And the third is my crappy rendition in photoshop.. It's late and i'm on meds for a cold.. lol
Do you belive in the ghost from christmas past?


----------



## bill

Mike thats a great guess, I never saw it (makes you wonder where I have been eating chinese food). Cool pic Hop, I will have to look at it closer and run some things to see what I can find. I see the woman. Cool


----------



## Blue Water Ho

Yup Mike got it but so did Hop, it is ice and coke under flourescent lighting. LOL........later,Dave


----------



## bill

Hop, do you have any more pictures taken with that camera the same time/day? It appears that something was on the lens and just happen to follow the line curve to the front house bush. Optical. I would like to see some more images. At first I was thinking it was from the flash through a glass source but I don't see any, could have been in a car. That would account for the curve.


----------



## bill

One more thing. This is what really gets me. You have two cars. Car #1 is close, next to the stop sign. Car #2 is the far car in the driveway. If you look at the regular image, you can not see all of car #2 (back end or rear tires) because car#1 is covered with snow and should block any view from this angle. Now look at the image I posted and you can see the full detail lines of car #2, that should not happen.


----------



## bill

I know there is motion involved because of the tail lights on the truck. The snow around the truck tires is undisturbed.


----------



## Hop

The photos have not been doctored in my opinion. I got them in a email with several other photos from christmas. I'm not sure who took them or if the photos i have are all from the same camera. Here is the full res images sent to me in an email..
http://www.uberstorage.com/tex/public/snow/
I was just looking in that one pic and i thought it looked cool. I know it has to be a reflection off of something. The tail lights on the other car are all blurry. So it could have been a reflection off of the moving car that caused it.
--Hop


----------



## bill

I don't think they are "doctored" either, I think it just happens to be a optical illusion. I like looking at these type of mystery images. It gets my brain to work.


----------



## Hop

I think the reflection is off the headlight of the car coming down the street.
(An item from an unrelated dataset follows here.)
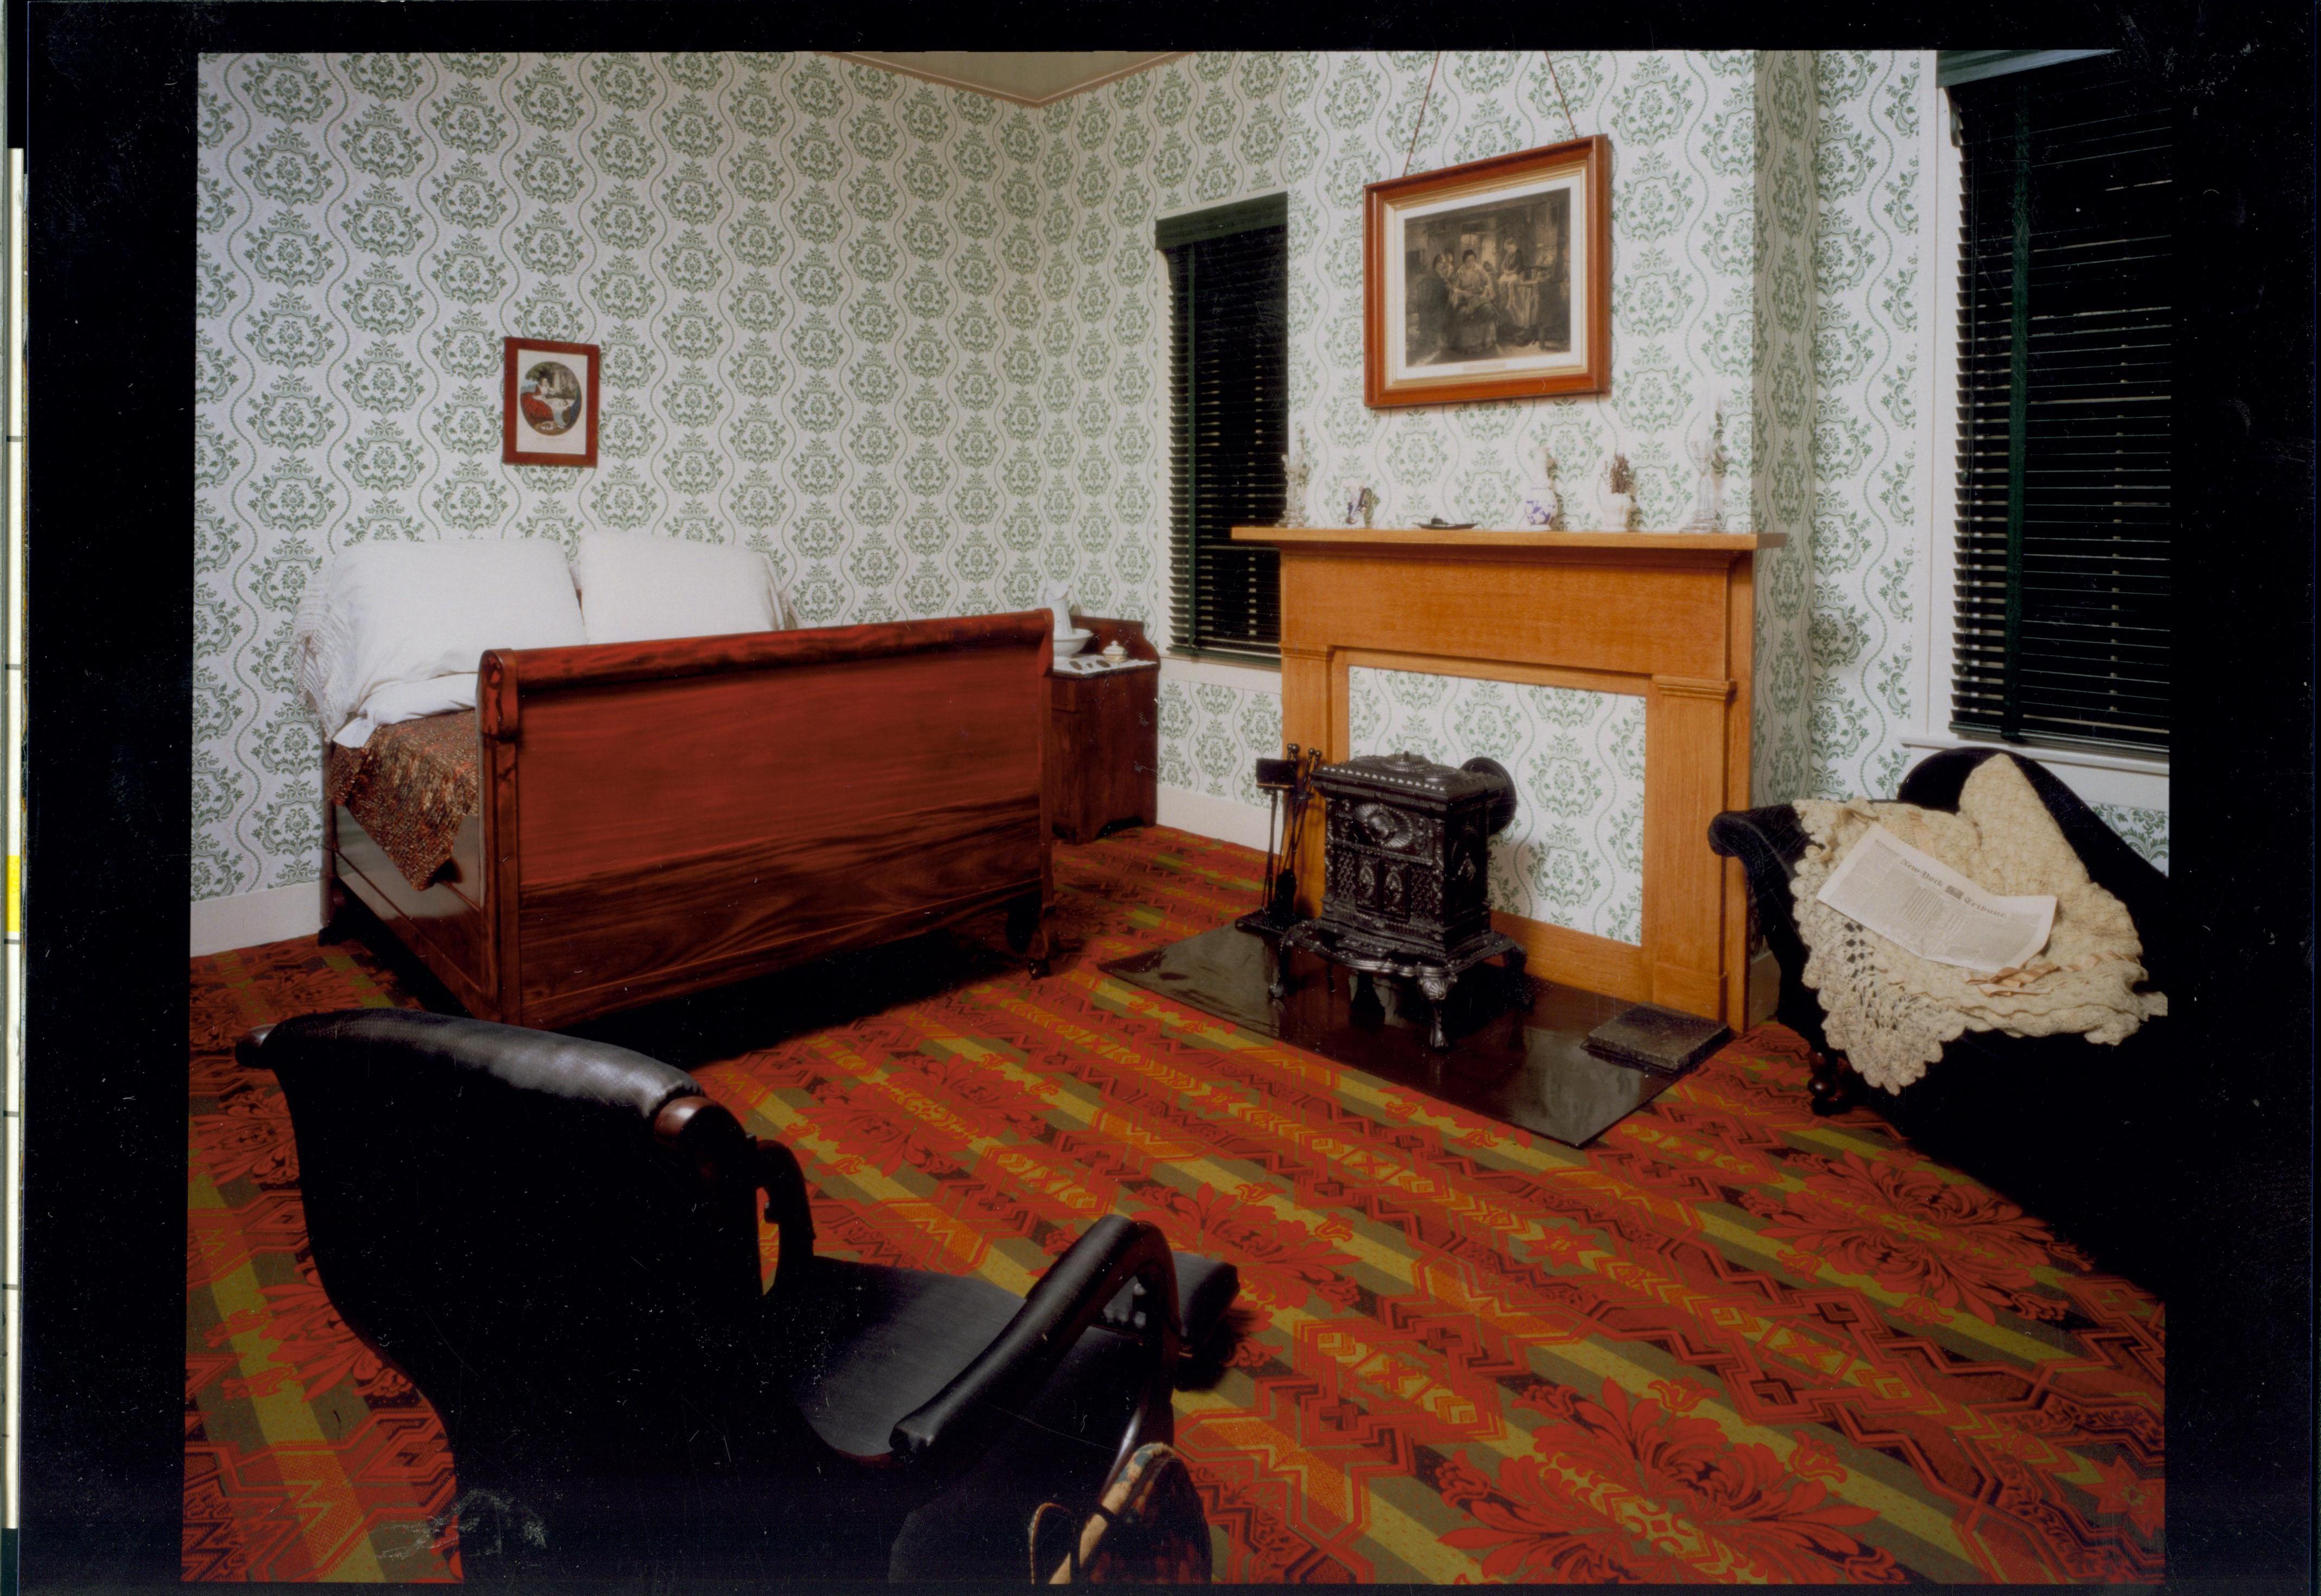 Guest Room Job#44298,PG45,PIC3 Lincoln Home, Restoration, Guest Room/Robert Lincoln's Room, Bedroom

If you notice it's hidden behind the tree. As soon as they took the picture the shutter stayed open long enough to let a little light into the lens just as the car passed. LMAO! Sounds good!
--Hop


----------



## BIONICBOBNJ

*OK, whats this?*

My belly button. :spineyes:


----------



## Profish00

fart simpson


----------



## Blue Water Ho

*Heres one to keep the game going*

Good luck.


----------



## pelican

I keep looking at it, Dave, but can't get the vision of a huge red catapillar outa my head.


----------



## Blue Water Ho

Your getting warmer but, nope.........................later,Dave


----------



## bill

Old mechanical pencil?
Soft plastic lurer?


----------



## Blue Water Ho

Nope and
nope.
Ill give yall a clue its alive............................later,Dave


----------



## Hop

I say crab leg. Or maybe a dragon fly tail...
--Hop


----------



## Blue Water Ho

*And we got a weiner............HOP*

I took this in my backyard around the pond


----------



## pelican

Pretty cool ... it lives! lol


----------



## bill

Good one, I was thinking freshwater bass worm...LOL


----------